但是如果在blk_complete_request函数中注入故障,主动丢弃complete回调的向上传递,那就会触发request请求超时,调用流程如下:
blk_timeout_work()->blk_rq_check_expired()->blk_rq_timed_out()->scsi_times_out(),由scsi驱动程序进行超时处理,后台工作队列会定期进行IO的重试操作。
2、blk_mq_complete_request
blk层多队列完成回调函数,在使能内核多队列功能时IO的提交流程会走该流程分支。
scsi_mq_done()->blk_mq_complete_request()->__blk_mq_complete_request()->blk_mq_end_request()->blk_update_request()
failslab
failslab控制结构体:
static struct {
struct fault_attr attr;
bool ignore_gfp_reclaim;
bool cache_filter;
} failslab = {
.attr = FAULT_ATTR_INITIALIZER,
.ignore_gfp_reclaim = true,
.cache_filter = false,
};
failslab对通用的struct fault_attr结构体进行封装,另外定义了两个单独的参数ignore_gfp_reclaim和cache_filter,前者用于过滤__GFP_RECLAIM类型内存分配的开关,后者用于过滤用户需要的slab分配。之所以设置这两个参数是为了用户正对某些特定的kmem_cache注入需要,同事也为了避免一启用failslab后整个系统报错不可进一步调试。
failslab的启动配置初始化接口:
static int __init setup_failslab(char *str)
{
return setup_fault_attr(&failslab.attr, str);
}
__setup("failslab=", setup_failslab);
failslab的debugfs配置接口:
static int __init failslab_debugfs_init(void)
{
struct dentry *dir;
umode_t mode = S_IFREG | S_IRUSR | S_IWUSR;
dir = fault_create_debugfs_attr("failslab", NULL, &failslab.attr);
if (IS_ERR(dir))
return PTR_ERR(dir);
if (!debugfs_create_bool("ignore-gfp-wait", mode, dir,
&failslab.ignore_gfp_reclaim))
goto fail;
if (!debugfs_create_bool("cache-filter", mode, dir,
&failslab.cache_filter))
goto fail;
return 0;
fail:
debugfs_remove_recursive(dir);
return -ENOMEM;
}
failslab在创建debugfs目录和配置文件时会多创建两个配置文件ignore-gfp-wait和cache-filter,分别对应于struct failslab结构体中的ignore_gfp_reclaim和cache_filter这两个配置参数。

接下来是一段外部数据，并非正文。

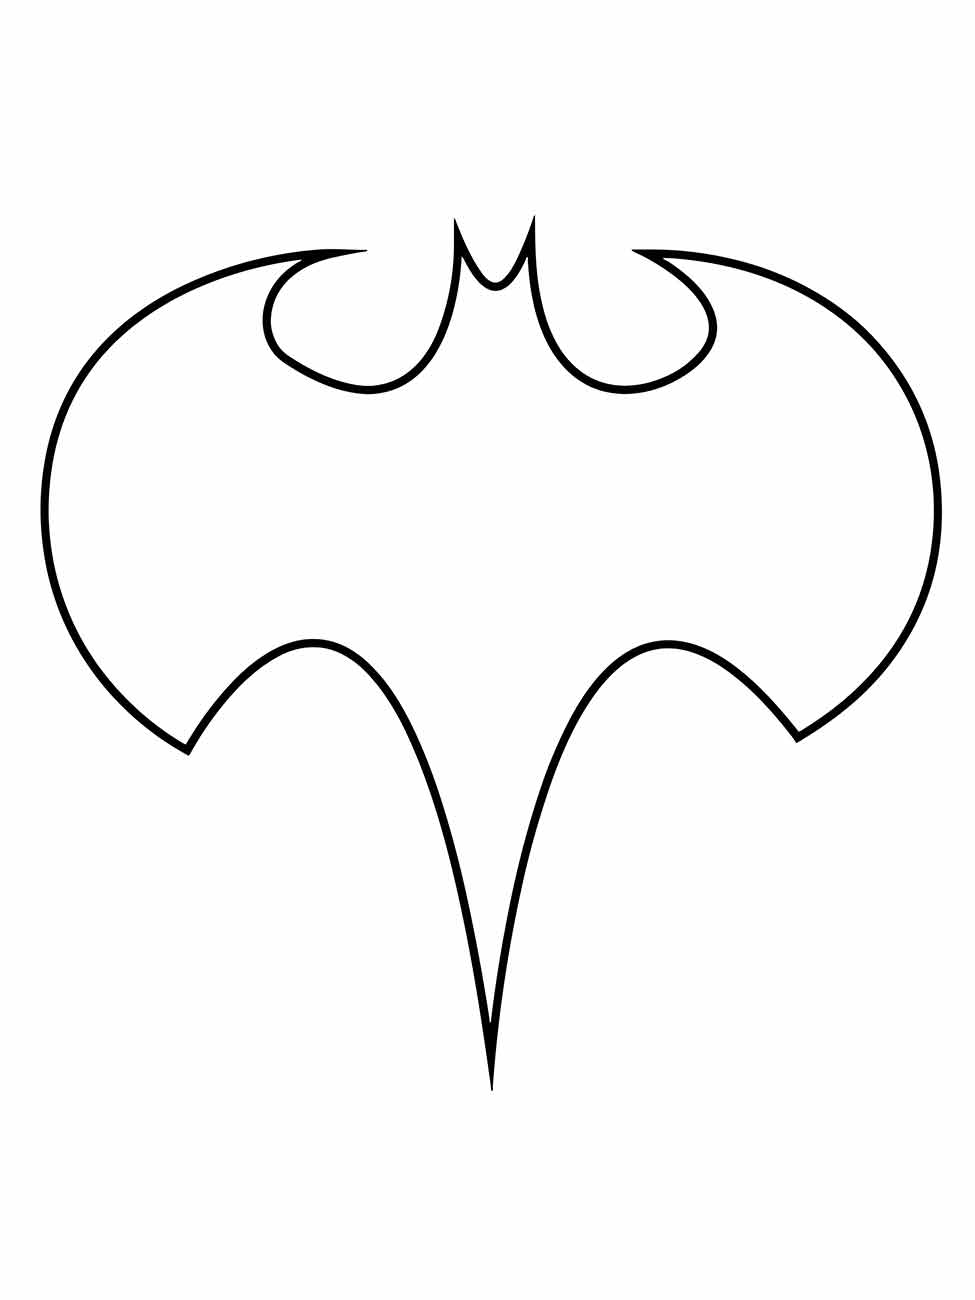 simbolo do batman para colorir

failslab cache_filter过滤器配置接口:
#ifdef CONFIG_FAILSLAB
static ssize_t failslab_show(struct kmem_cache *s, char *buf)
{
return sprintf(buf, "%d\n", !!(s->flags & SLAB_FAILSLAB));
}
static ssize_t failslab_store(struct kmem_cache *s, const char *buf,
size_t length)
{
if (s->refcount > 1)
return -EINVAL;
s->flags &= ~SLAB_FAILSLAB;
if (buf[0] == '1')
s->flags |= SLAB_FAILSLAB;
return length;
}
SLAB_ATTR(failslab);
#endif
该接口位于/sys/kernel/slab/xxx/failslab,设置为非0后会在kmem_cache的flags标识位置位SLAB_FAILSLAB(否则则清除该标识),SLAB_FAILSLAB标识在故障注入判断函数should_failslab中进行确认:
bool should_failslab(struct kmem_cache *s, gfp_t gfpflags)
{
/* No fault-injection for bootstrap cache */
if (unlikely(s == kmem_cache))
return false;
if (gfpflags & __GFP_NOFAIL)
return false;
if (failslab.ignore_gfp_reclaim && (gfpflags & __GFP_RECLAIM))
return false;
if (failslab.cache_filter && !(s->flags & SLAB_FAILSLAB))
return false;
return should_fail(&failslab.attr, s->object_size);
}
首先若ignore_gfp_reclaim标识启用,则自动忽略__GFP_RECLAIM类型的内存分配,然后如果cache_filter过滤器被启用,则自动过滤SLAB_FAILSLAB标识未置位的内存分配,最后调用should_fail进行通用标识判断。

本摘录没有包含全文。